If $X$ is a discrete random variable that takes on one of the values $x_i, i \geq 1$, with respective probabilities $p(x_i)$, then, for any real-valued function $g$,

\[E[g(X)]=\sum_i g(x_i)p(x_i)\]

Corollary

If $a$ and $b$ are constants, then

\[E[aX + b] = aE[X] + b\]

Definition

If $X$ is a random variable with mean $\mu$, then the variance of $X$, denoted by $Var(X)$, is defined by

\[Var(X) = E[(X − \mu)^2]\]

An alternative formula for $Var(X)$ is derived as follows:

\[Var(X) = E[X^2] − (E[X])^2\]

Corollary

For any constants $a$ and $b$

\[Var(aX + b) = a^2Var(X)\]

Definition 4.5

The square root of the $Var(X)$ is called the standard deviation of $X$, and we denote it by $SD(X)$. That is,

\[SD(X) = \sqrt{Var(X)}\]

Remarks

Analogous to the means being the center of gravity of a distribution of mass, the variance represents, in the terminology of mechanics, the moment of inertia.

5. The Bernoulli and Binomial Random Variables

Definition

Suppose now that $n$ independent trials, each of which results in a success with probability $p$ and in a failure with probability $1 − p$, are to be performed. If $X$ represents the number of successes that occur in the $n$ trials, then $X$ is said to be a binomial random variable with parameters $(n, p)$, and its probability mass function is given by

\[p(i) = \left(\begin{matrix} n\\i \end{matrix} \right) p^i(1\ -\ p)^{n-i} \qquad i=0, 1, ..., n\]

Definition

A random variable $X$ is said to be a Bernoulli random variable if its probability mass function is given by following equations for some $p \in (0, 1)$

\[\begin{eqnarray*} &p(0)& = P{X = 0} = 1 − p \\ &p(1)& = P{X = 1} = p \end{eqnarray*}\]

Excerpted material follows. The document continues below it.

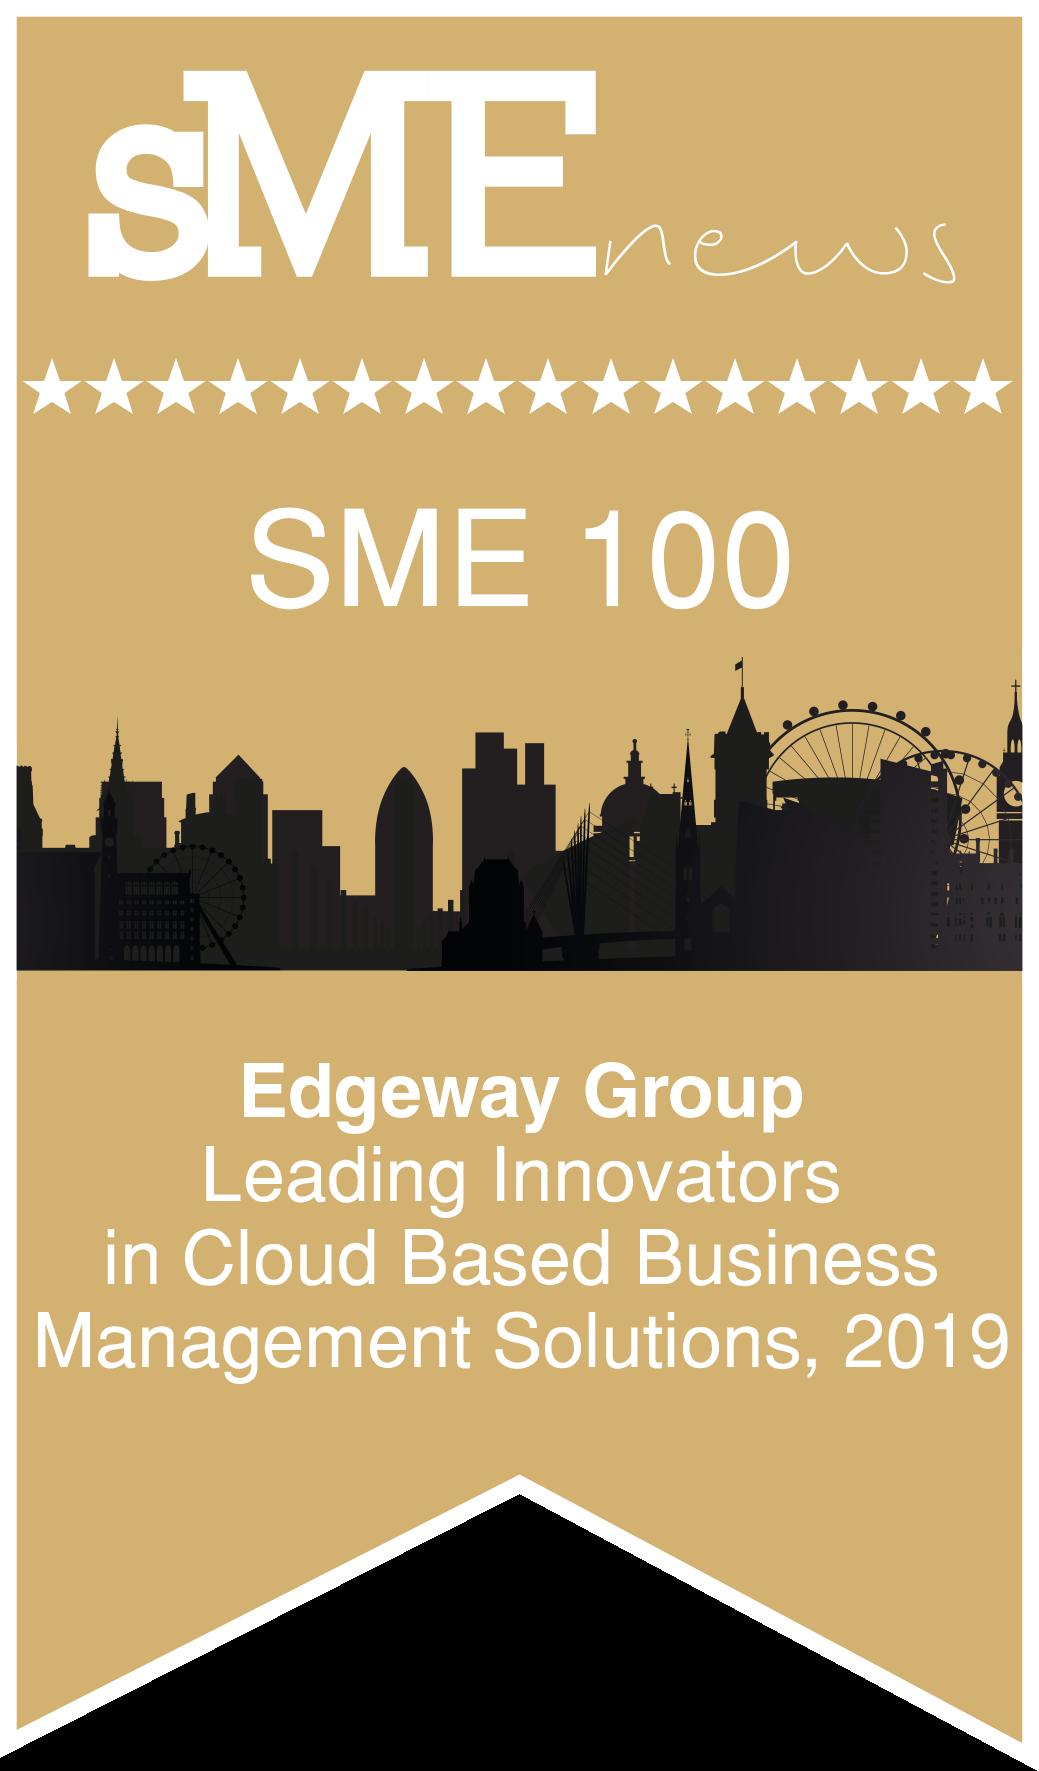 sME news Top 100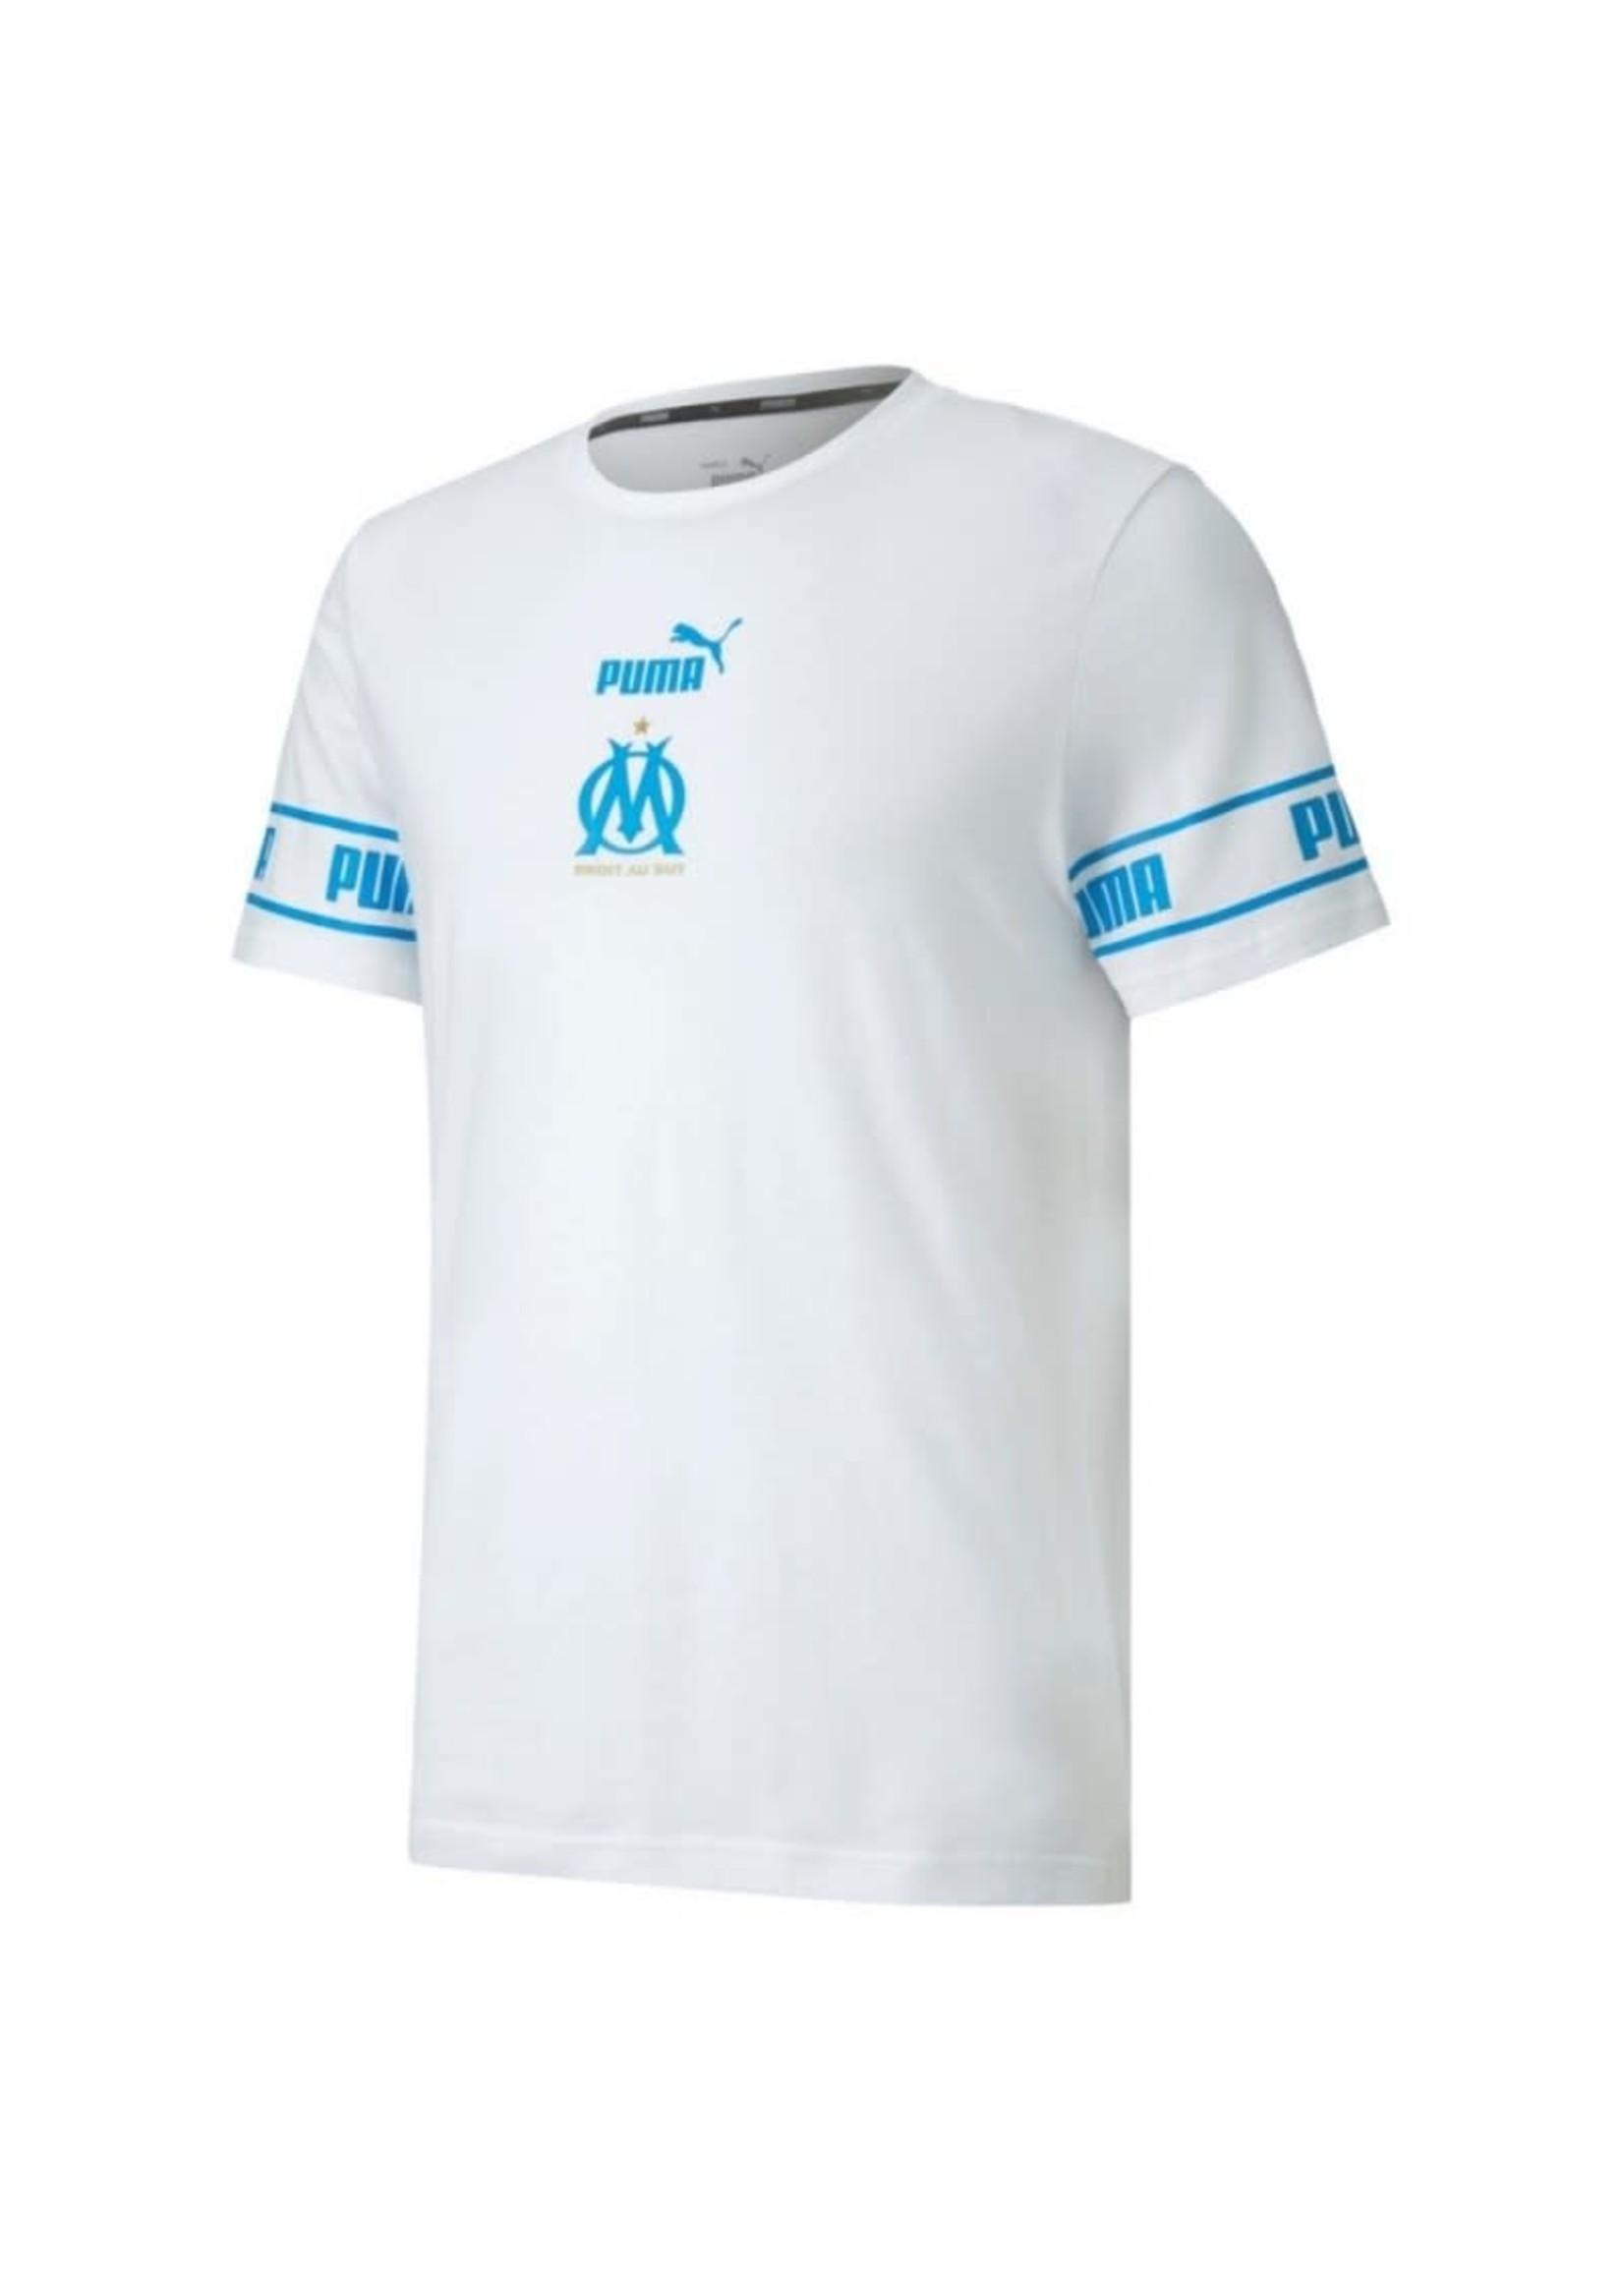 Puma Olympique de Marseille T-Shirt - 20/21 Home

A Bernoulli random variable is just a binomial random variable with parameters $(1, p)$.

Propertie

The expected value and variance of binomial random variable with parameters $n$ and $p$.

\[E[X^k] = \sum_{i=0}^n i^k \left(\begin{matrix} n\\i \end{matrix}\right) p^i (1 \ - p)^{n-i} = npE[(Y\ + 1)^{k-1}]\]

where $Y$ is a binormial random variable with parameters $n-1$ and $p$.

\[E[X] = np\] \[Var(X)= np(1 − p)\]

Propertie

If $X$ is a binomial random variable with parameters $(n, p)$, where $0 < p < 1$, then as $k$ goes from $0$ to $n$, $P{X = k}$ first increases monotonically and then decreases monotonically, reaching its largest value when k is the largest integer less than or equal to (n + 1)p.

\[P\{X = k + 1\} = \cfrac{p}{1 − p} \cfrac{n − k}{k + 1} P{X = k}\]

Definition

The binomial distribution function is

\[P\{X\leq i\} = \sum_{k=0}^i \left(\begin{matrix} n\\k \end{matrix}\right) p^k (1 − p)^{n−k} \qquad i = 0, 1,... , n\]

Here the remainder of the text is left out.